▸ Data for review:
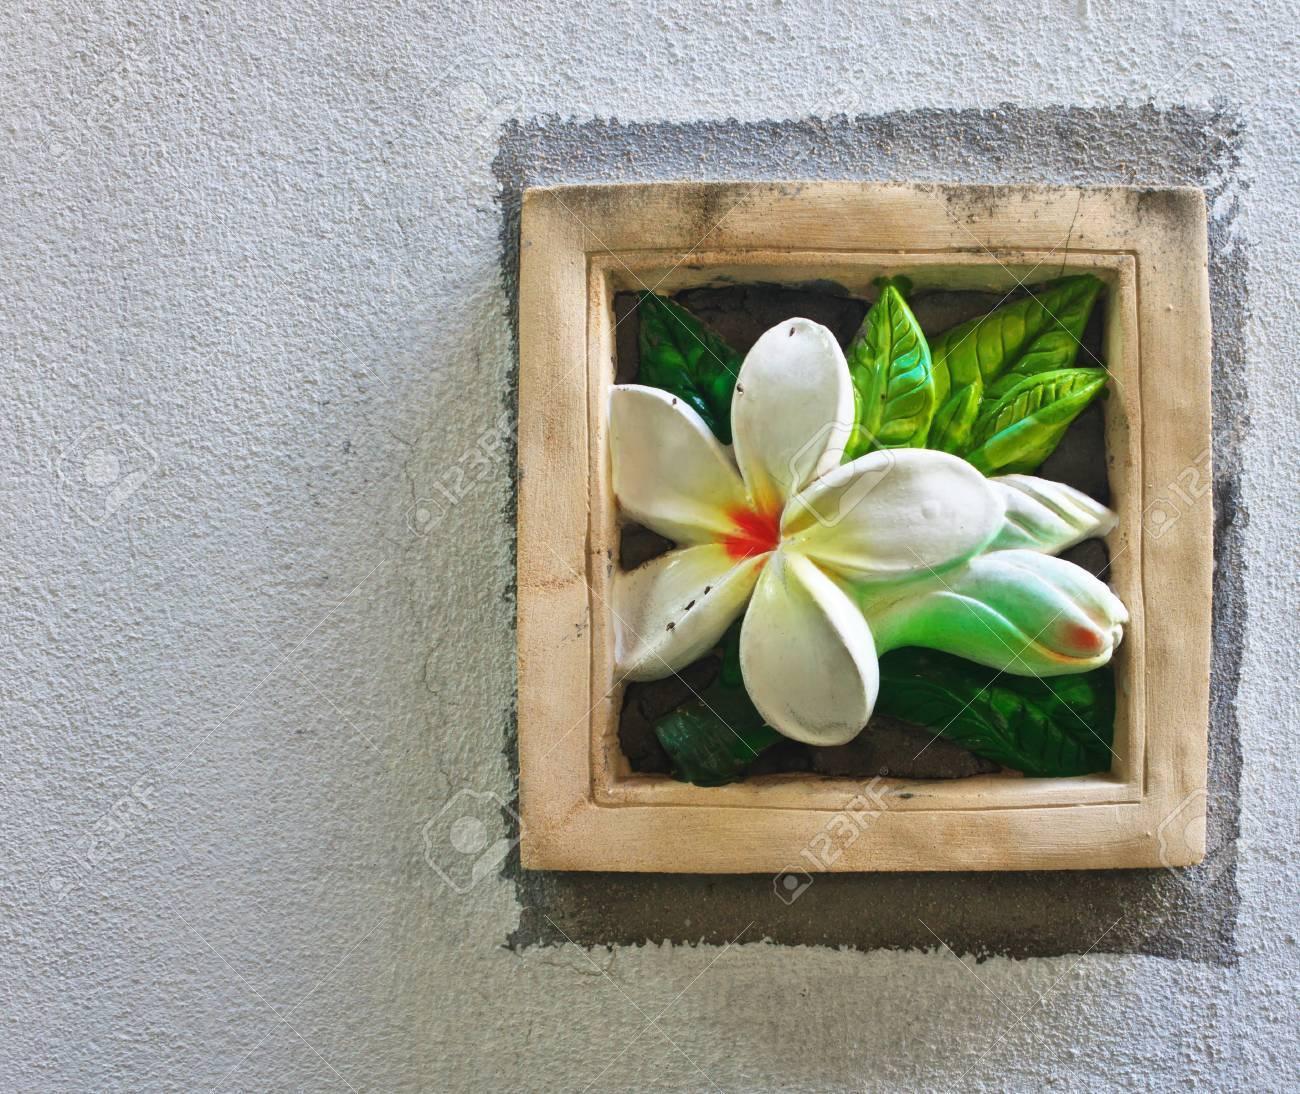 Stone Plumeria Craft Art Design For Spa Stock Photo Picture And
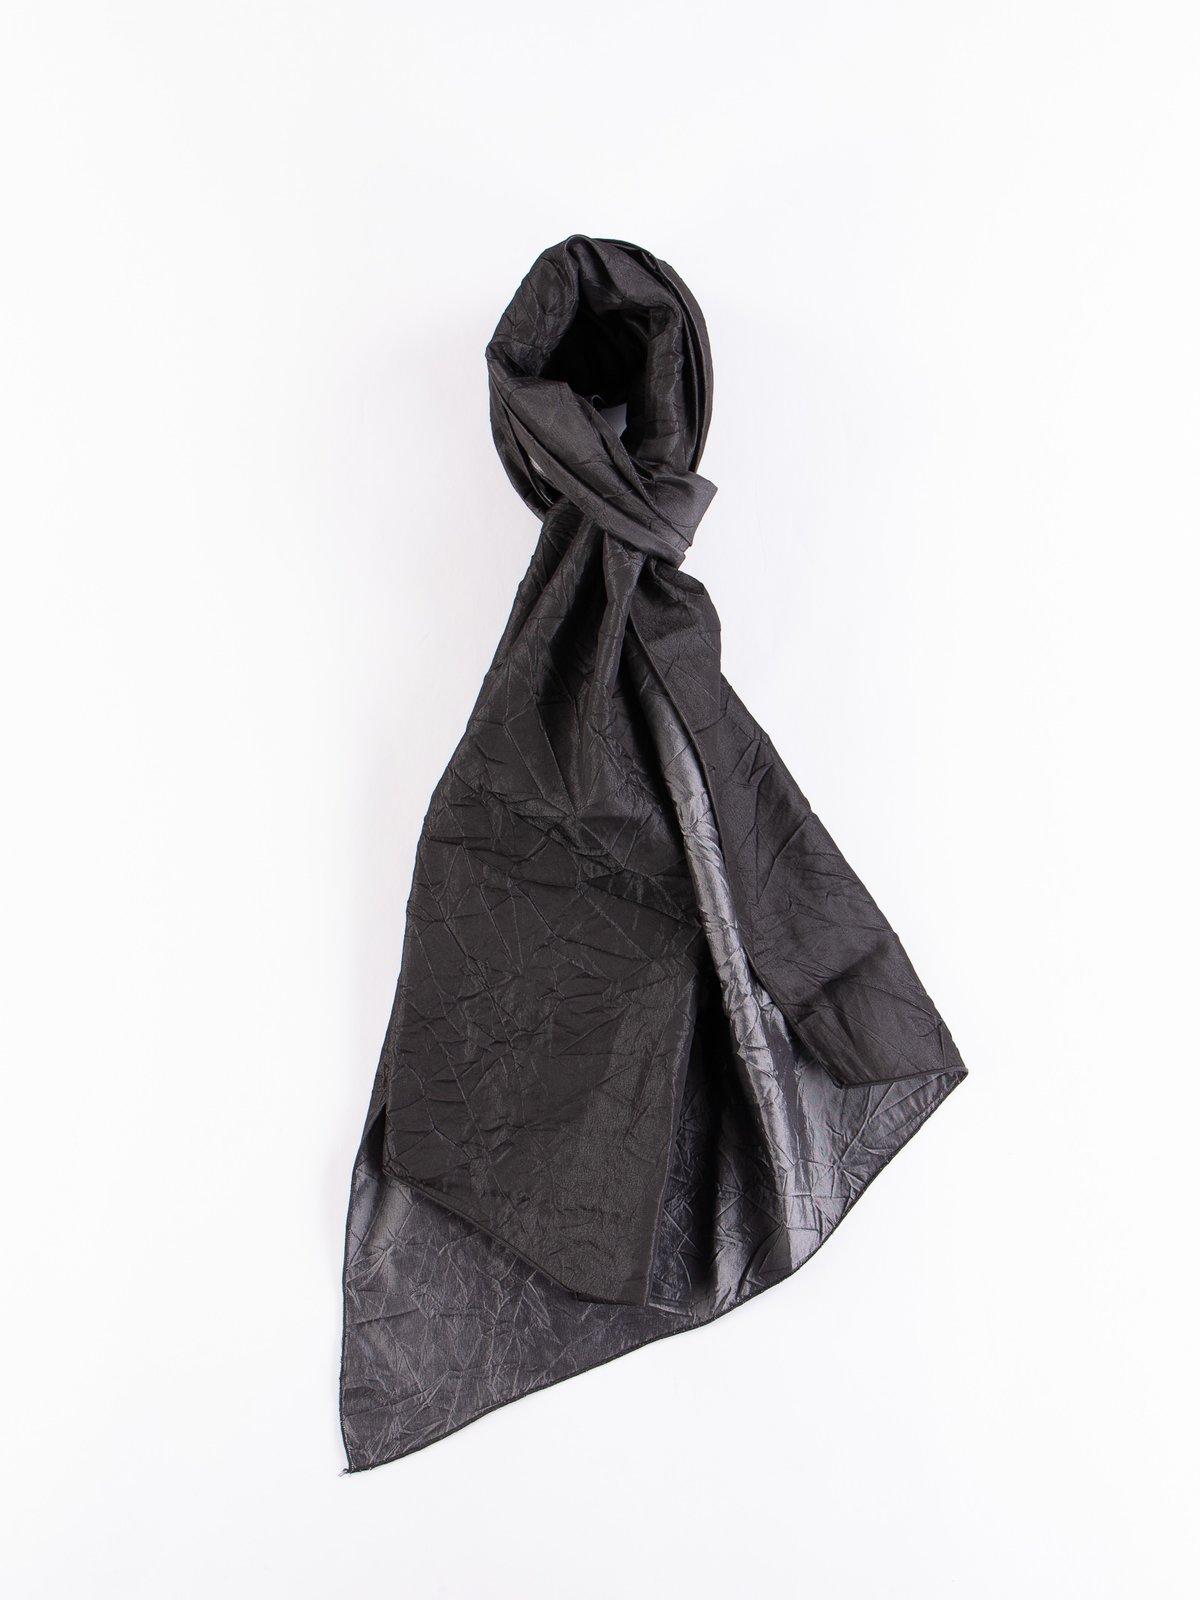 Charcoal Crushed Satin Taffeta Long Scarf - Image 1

* * *

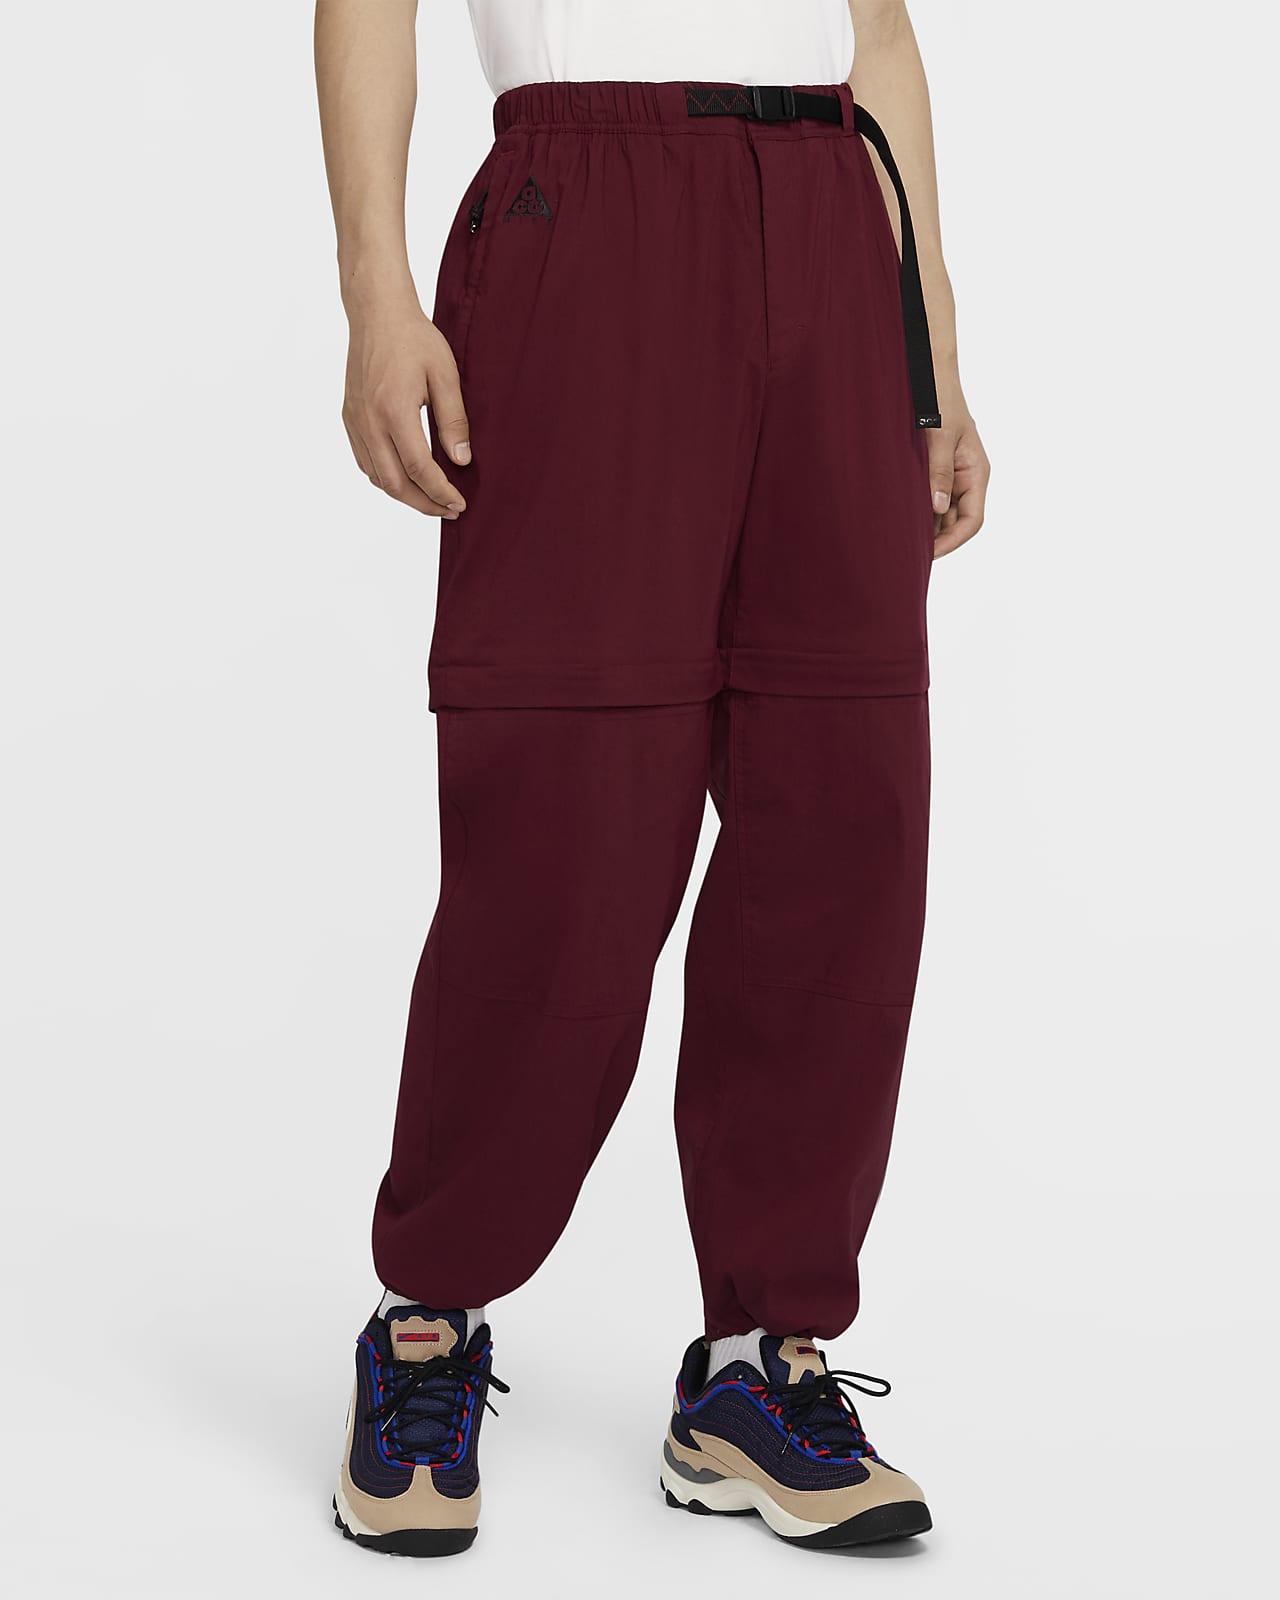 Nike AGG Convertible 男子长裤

▸ Problem statement: Reproduce the listing above from the line that holds "Stone Plumeria Craft" through the line that holds "Charcoal Crushed Satin", both included, with the pictures left out.

▸ Your response:
 Stone Plumeria Craft Art Design For Spa Stock Photo Picture And
 Charcoal Crushed Satin Taffeta Long Scarf - Image 1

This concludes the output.